Двор был для меня чем-то необычным и привычным одновременно. Привычным, потому что там всегда происходило одно и тоже: в песочнице что-то строилось, на каких-то досчато-железных сооружениях висели и лазали мои сверстники, красавица нашего двора — не помню имени — качалась на единственных качелях, а вокруг стояло всегда несколько воздыхателей и смотрели, как задирается ее юбочка при взлете качелей наверх. Красавица любила качаться стоя. Она всегда носила короткие юбки и платьица розовых тонов, которые заканчивались там, где начинались ноги. Может, она слишком быстро вырастала из них, а может, мама экономила на метериале, не знаю. С тех пор, наверное, я терпеть не могу розовый цвет и в моем гардеробе напрочь отсутствуют юбки и платья. Даже длинные. Самая трудновыполнимая задача, висевшая надо мной в юности, заключалась в том, что нужно было обойти принятое обществом правило, гласившее, что девушка обязана выходить замуж в платье. К тому же — в белом. С детства я считала, что белый цвет символизирует официальность мероприятия, о том, что белый цвет — символ невинности и чистоты я узнала из книг значительно позже и согласиться с новым для меня определением было крайне сложно. По сей день меня удивляет, почему я не задала этот вопрос своей маме? Ведь азы анатомии, физиологии и сексуальных отношений мне были объяснены еще в раннем детстве. Мама не поступила в мединститут, отдав себя химии, но знания, полученные ею в медицинской области, были тщательно переложены в мою голову, за что я ей искренне благодарна.
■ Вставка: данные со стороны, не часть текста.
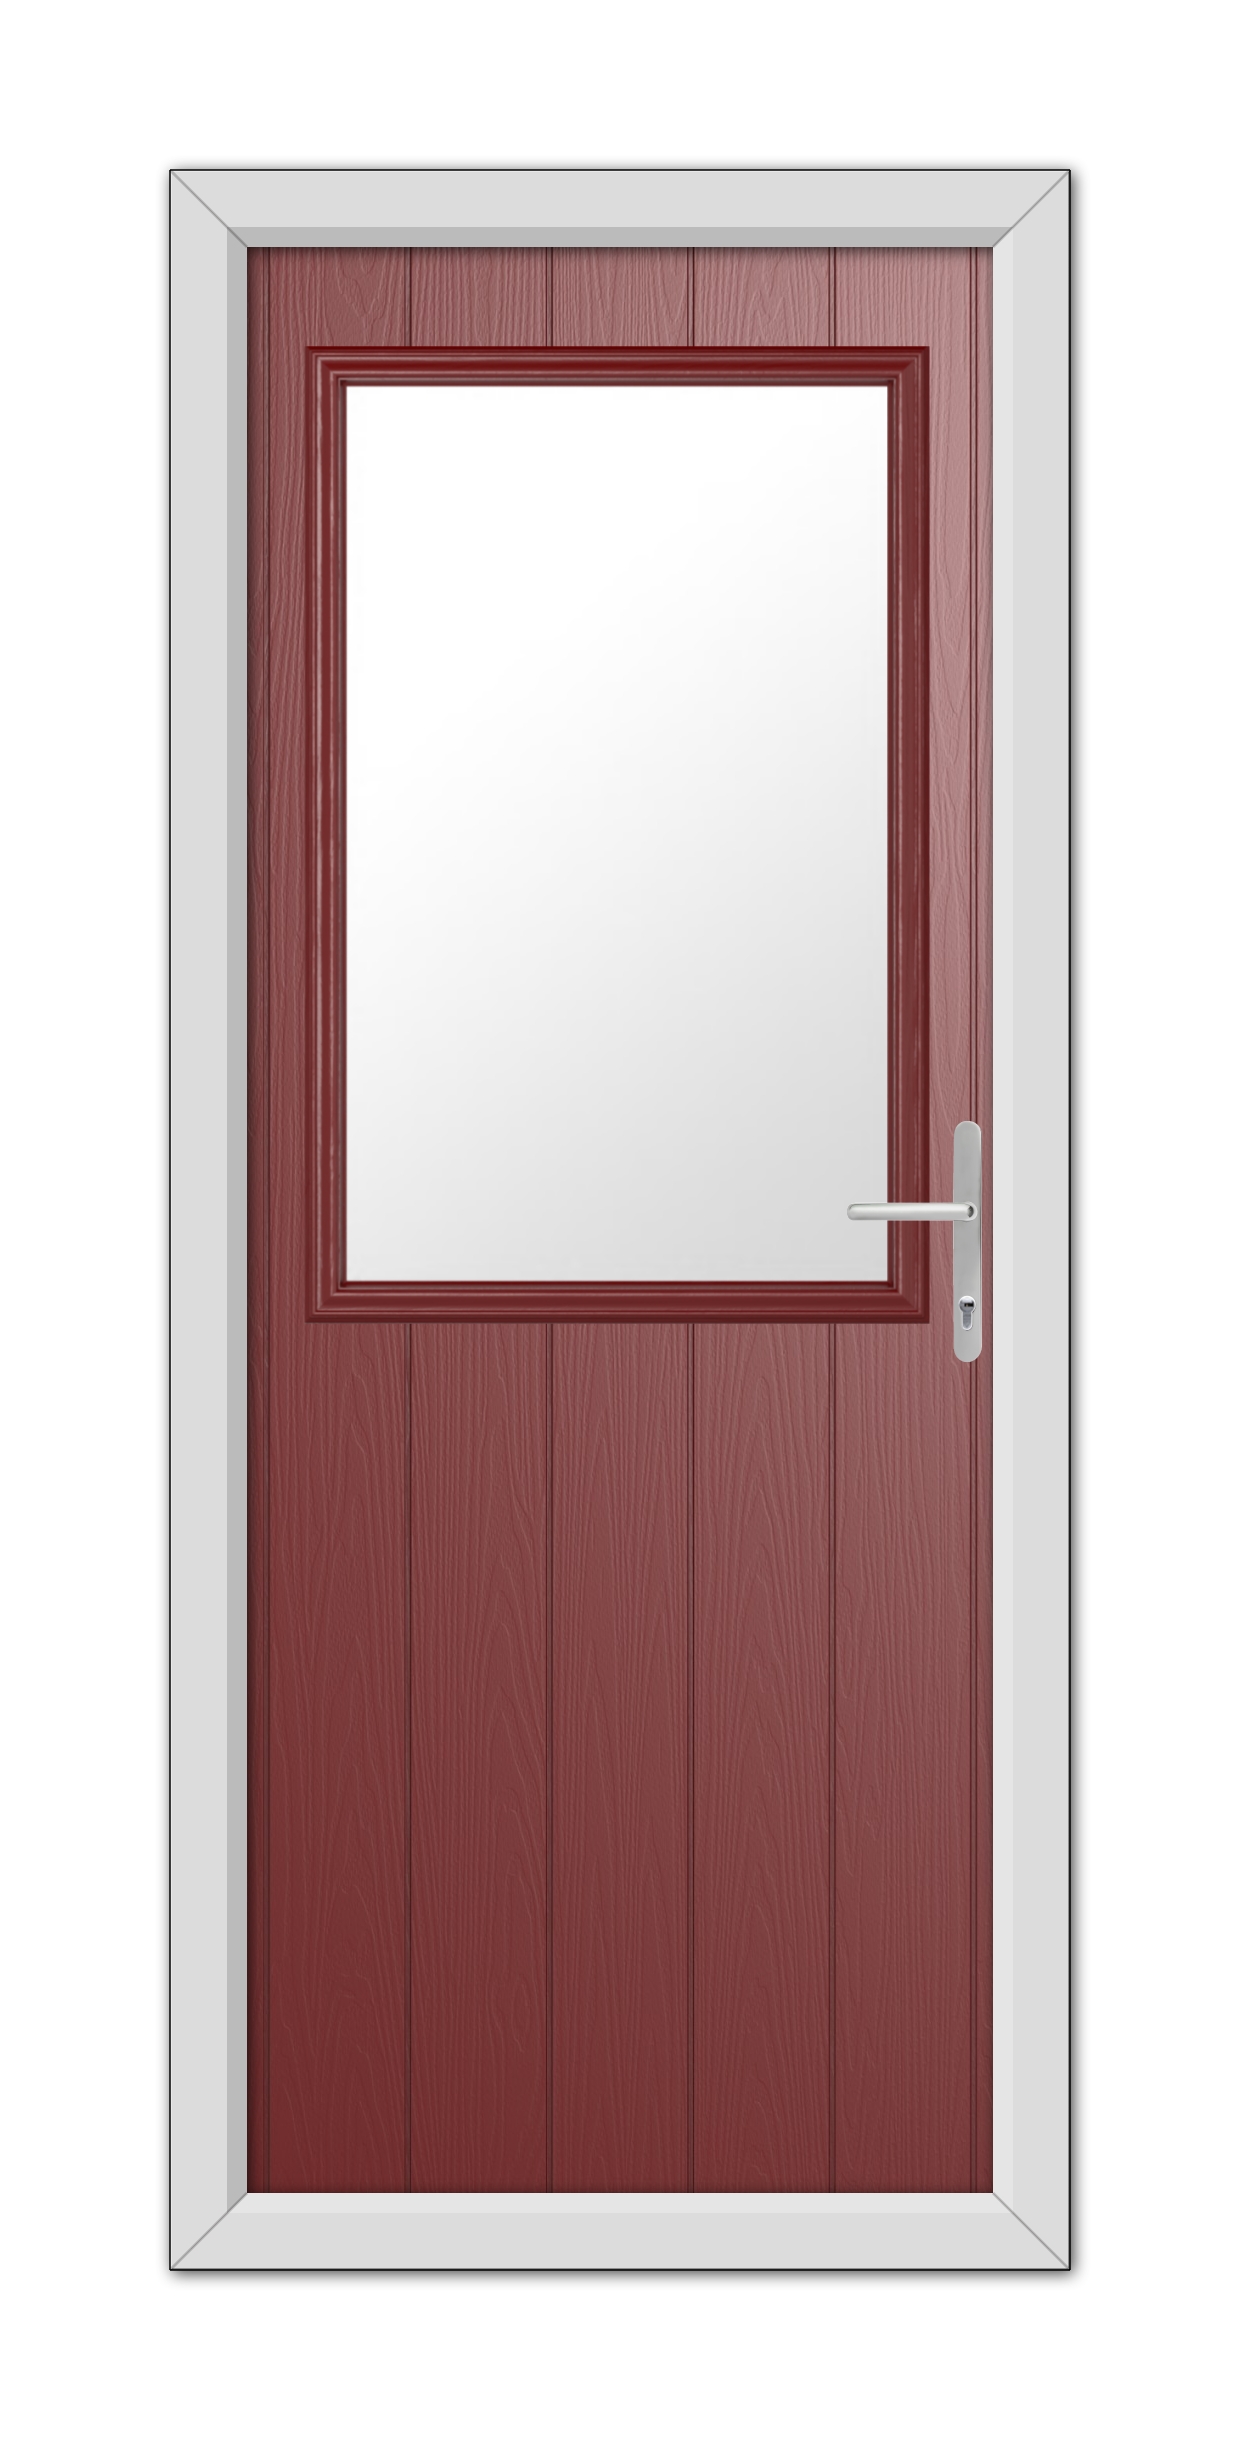 A Red Clifton Composite Door 48mm Timber Core with a white frame, featuring a square window and a handle on the right side.
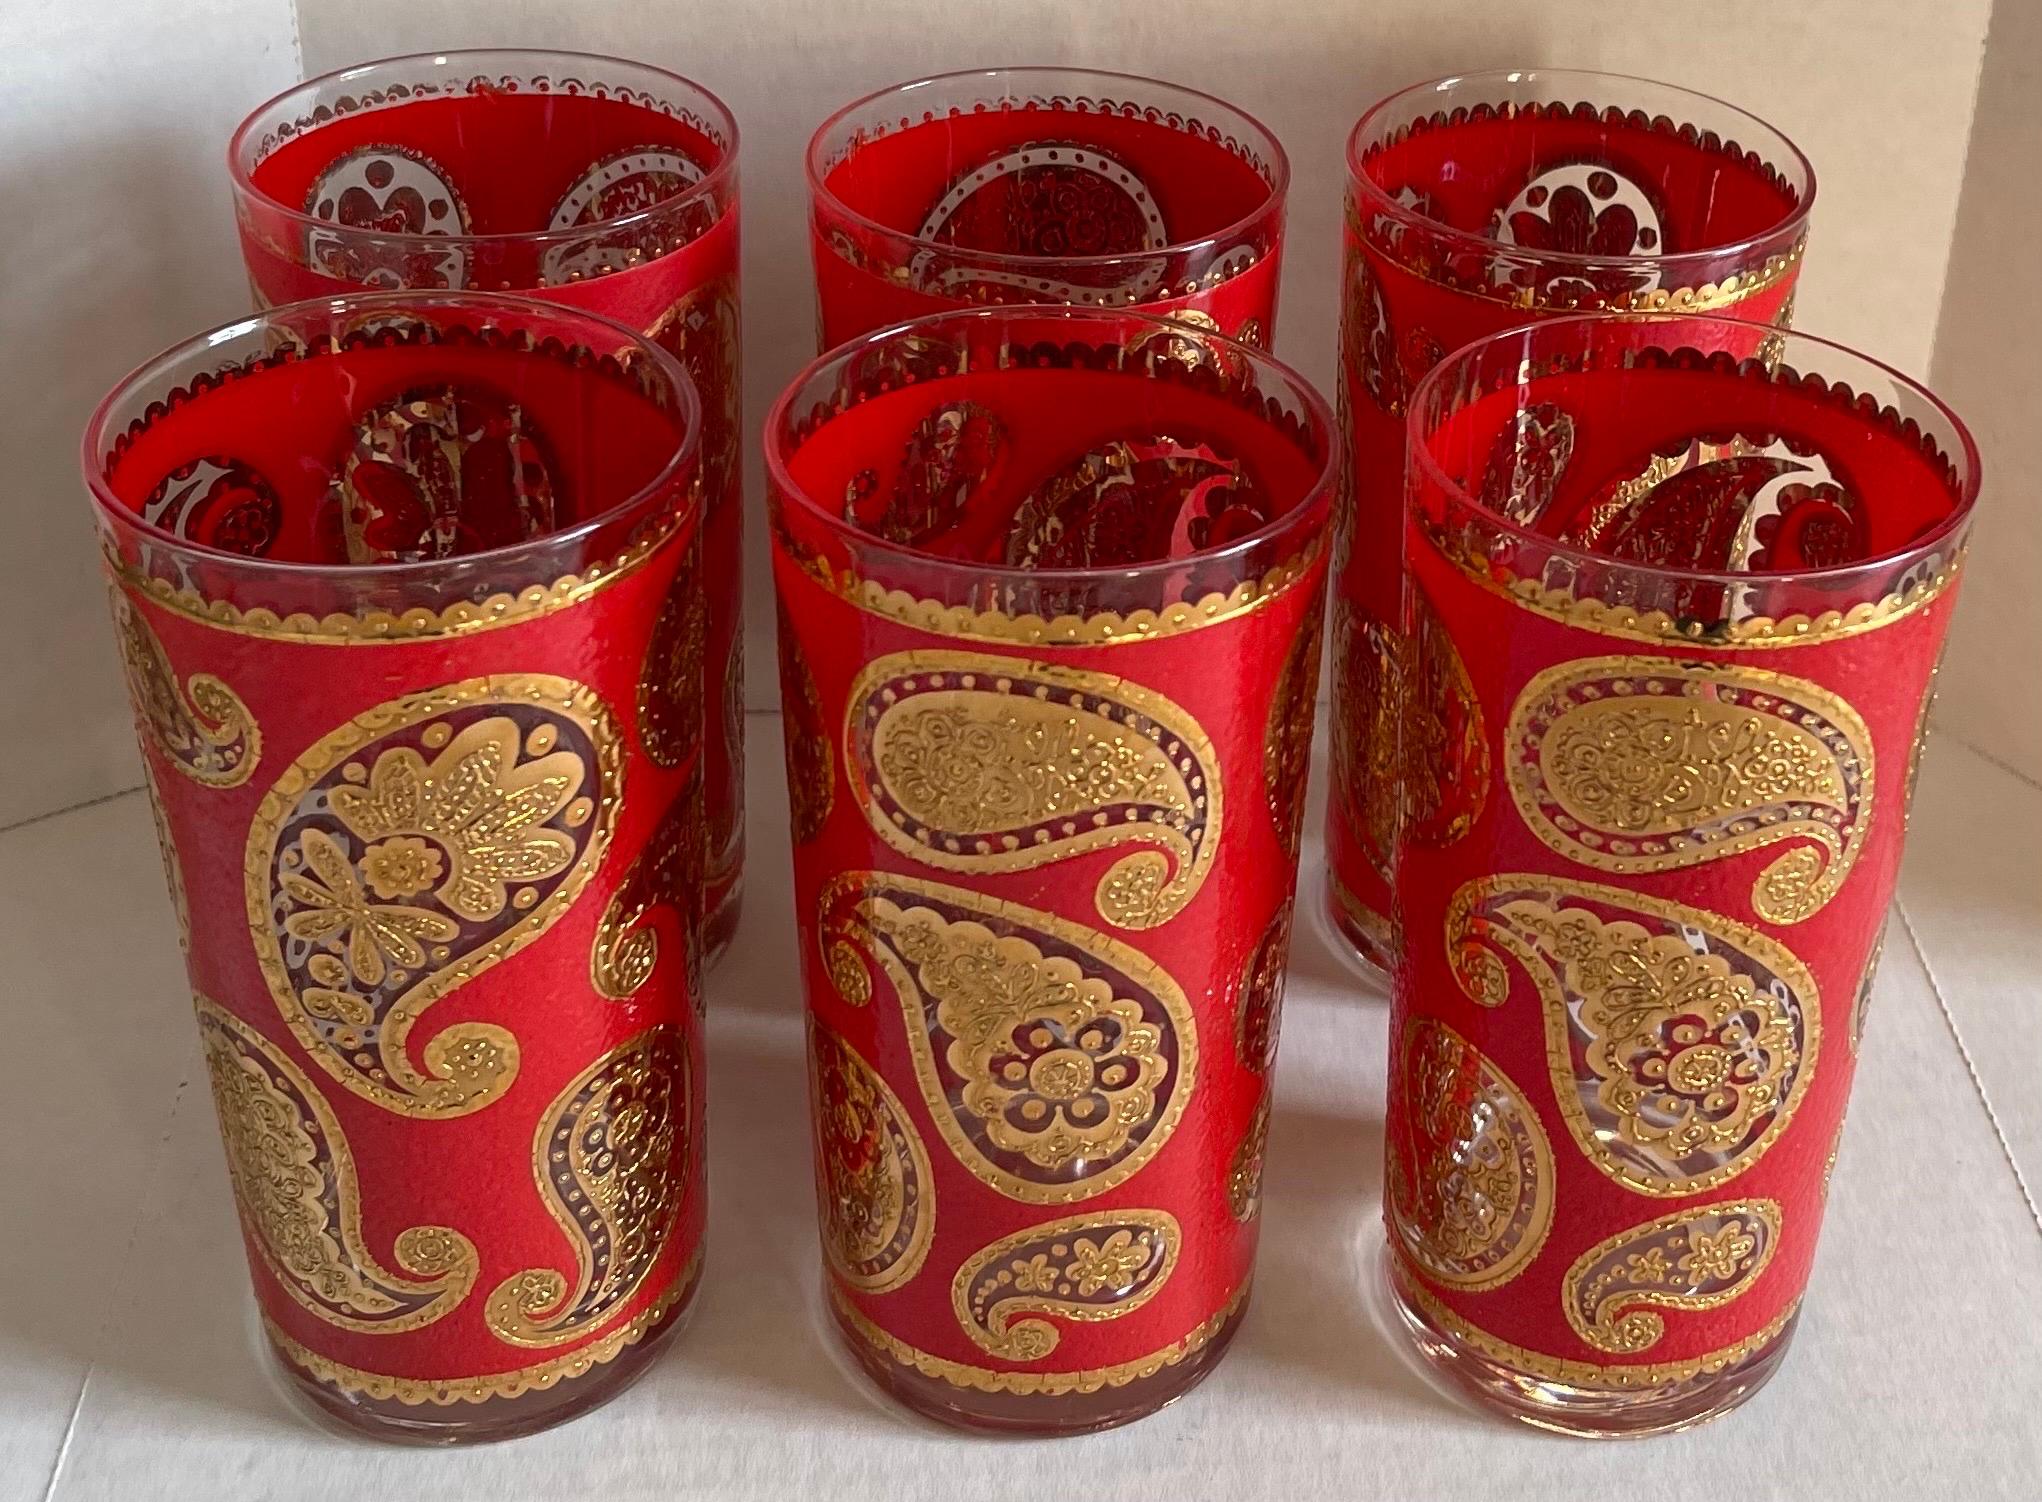 Set of 6 1960s red paisley highball glasses by Culver. Red and gold all over paisley design.

В конечном итоге, вопрос с белым платьем за меня решила жизнь: поскольку два замужества обошлись без свадьбы, я обошлась брючным костюмом. Первое платье, исключая школьную форму, под которой я всегда носила закатанные джинсы, я надела в 41 год. Вынужденно. Но не жалею. Человек, ради которого я приняла женский облик, захотел увидеть меня в женском наряде, после чего перестал настаивать на женской одежде и стал называть меня «Ириш». Так, в минуты особенной нежности, называл меня только мой папа. Опять меня снесло мыслью со двора…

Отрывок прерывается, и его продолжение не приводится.